Purdue’s president and former Indiana governor Mitch Daniels “always had in mind that this would be more than a single high school,” Bess said.
“Assuming that the launch of this (school) goes well,” he said, “then we start looking at, what’s next?”
It’s a vision that’s winning them support. The school was recently granted $1.25 million by the Indianapolis-focused Richard M. Fairbanks Foundation to bring teachers on early this summer and lay the groundwork for expansion. The funding will help the school hire network staff with expertise in special education, financial management and technology.
Claire Fiddian-Green, president of Fairbanks, said that one reason they are supporting the school is that the city desperately needs more graduates with science expertise.
“We know we’ve got a big problem,” she said. The science, technology, engineering and math skills of local students “are really unacceptably low, especially for low-income and minority students.”
The school has some signs that it could pull the ambitious experiment off. Students from within the IPS district boundaries have priority for admission and will make up about two-thirds of Purdue Polytechnic’s freshman class. The rest of the seats were filled by lottery because the school received hundreds more applicants than available seats — one sign that there is enough demand to support another Indianapolis campus, Bess said. He attributes much of the strong early interest to the Purdue brand. (Graduates who meet Purdue’s admission criteria will automatically win spots at the university.)
But this first school still has its own challenges to face. It will use a new, untested curriculum and target relatively high-needs students who may not come in with strong science backgrounds. It also is entering a crowded market of high schools, as Herron High School opens a new campus and IPS plans to reconfigure its half-empty high schools.

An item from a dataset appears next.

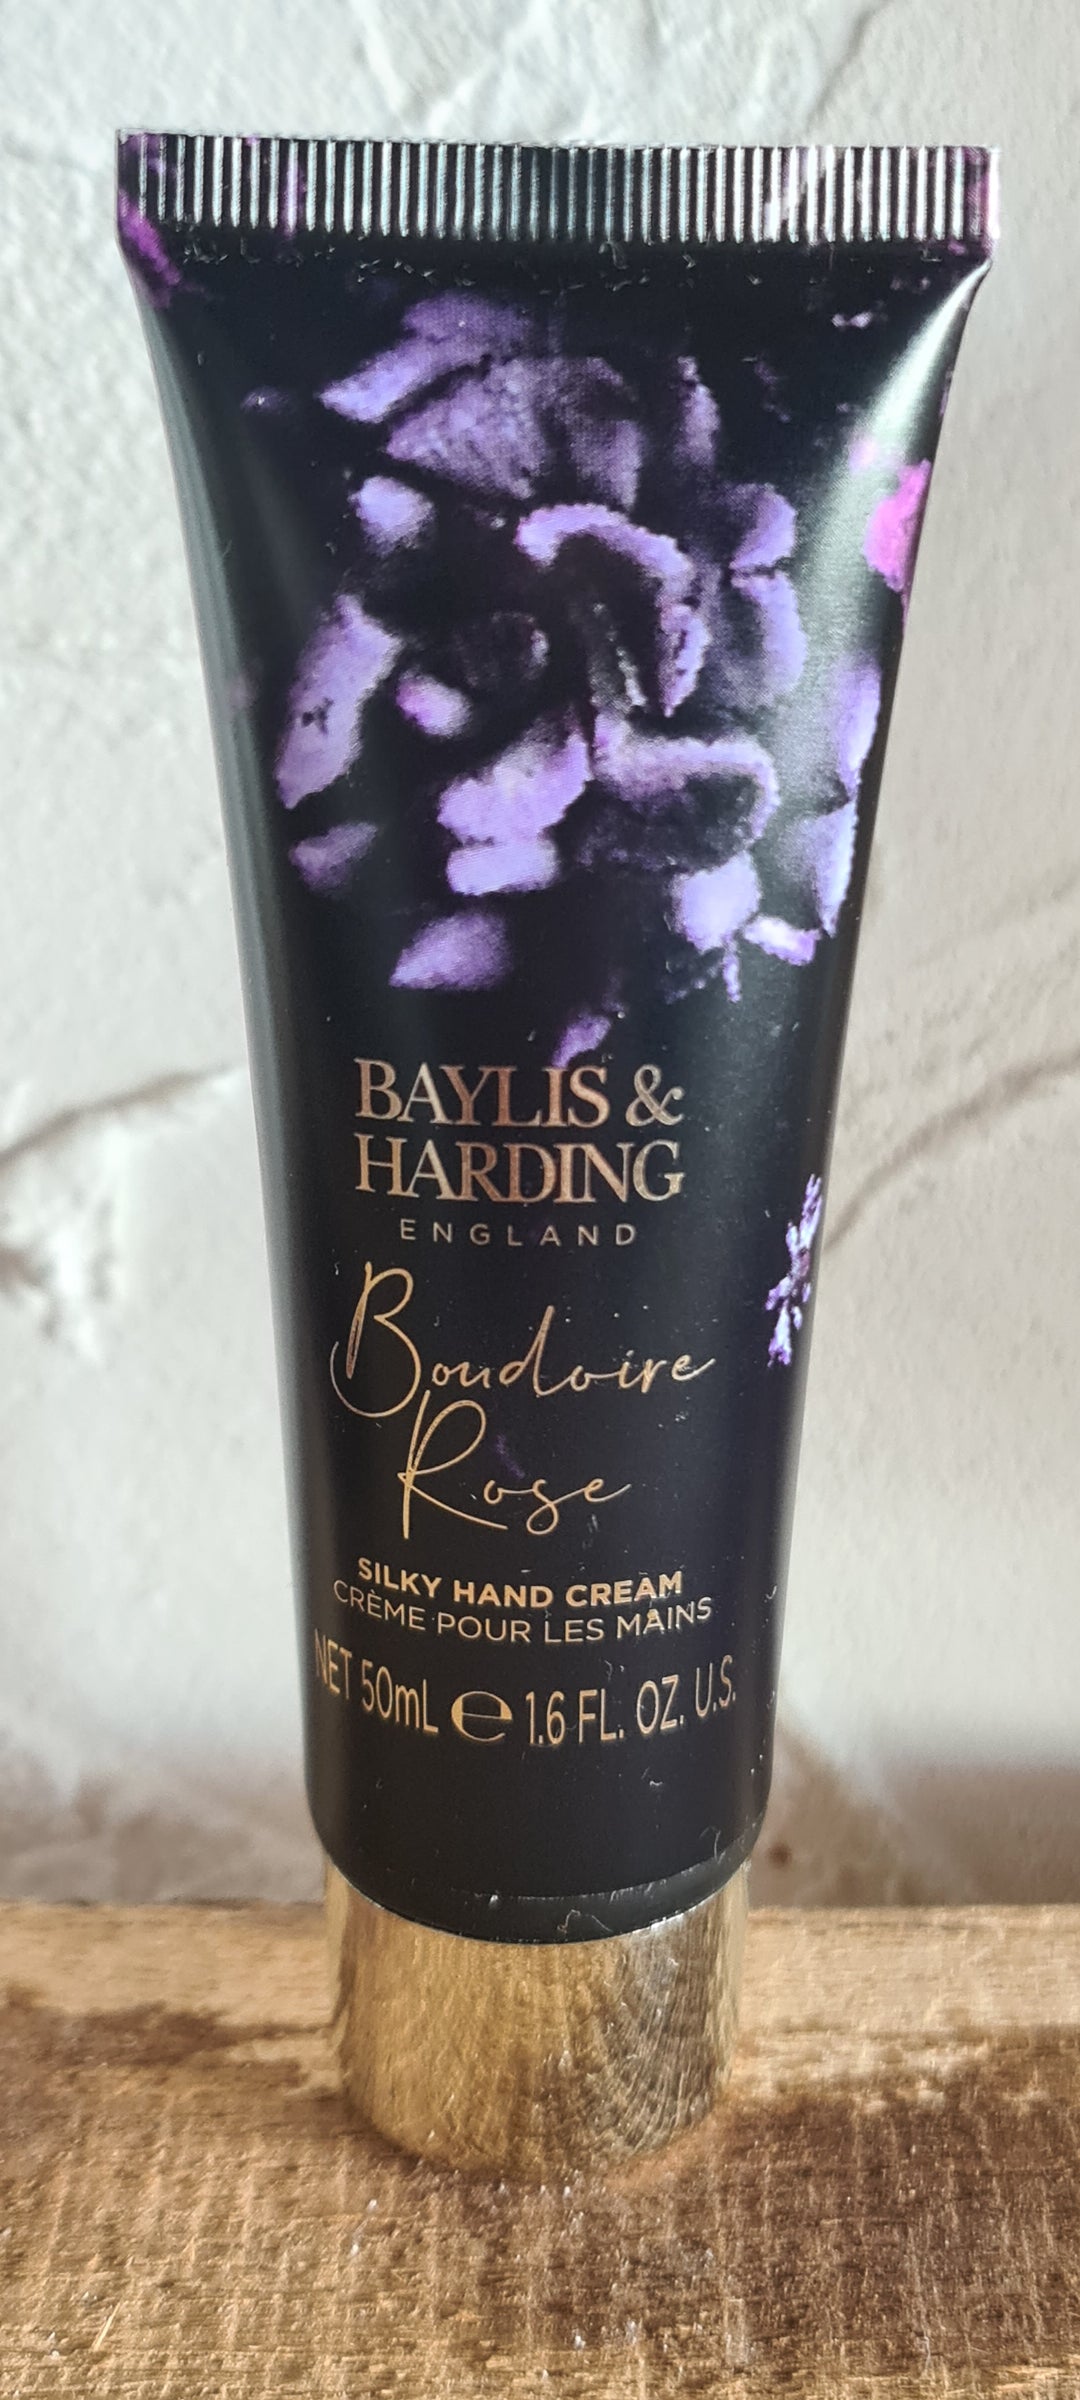 Baylis & Harding "Boudoire Collection" Handcreme mit Rosenduft , 50 ml , Motiv 2 - British Moments / Fernweh-Kaufhaus

Bess said any expansion is contingent upon the success of the first school. But Purdue faculty will be studying the school, and if the model does work well, the lessons could spread beyond the Purdue high schools, said Fiddian-Green.
“We hope that we learn lessons about how to teach STEM subjects more effectively to teachers regardless of the school environment,” she said. “Other schools around the state, traditional schools could adopt their models.”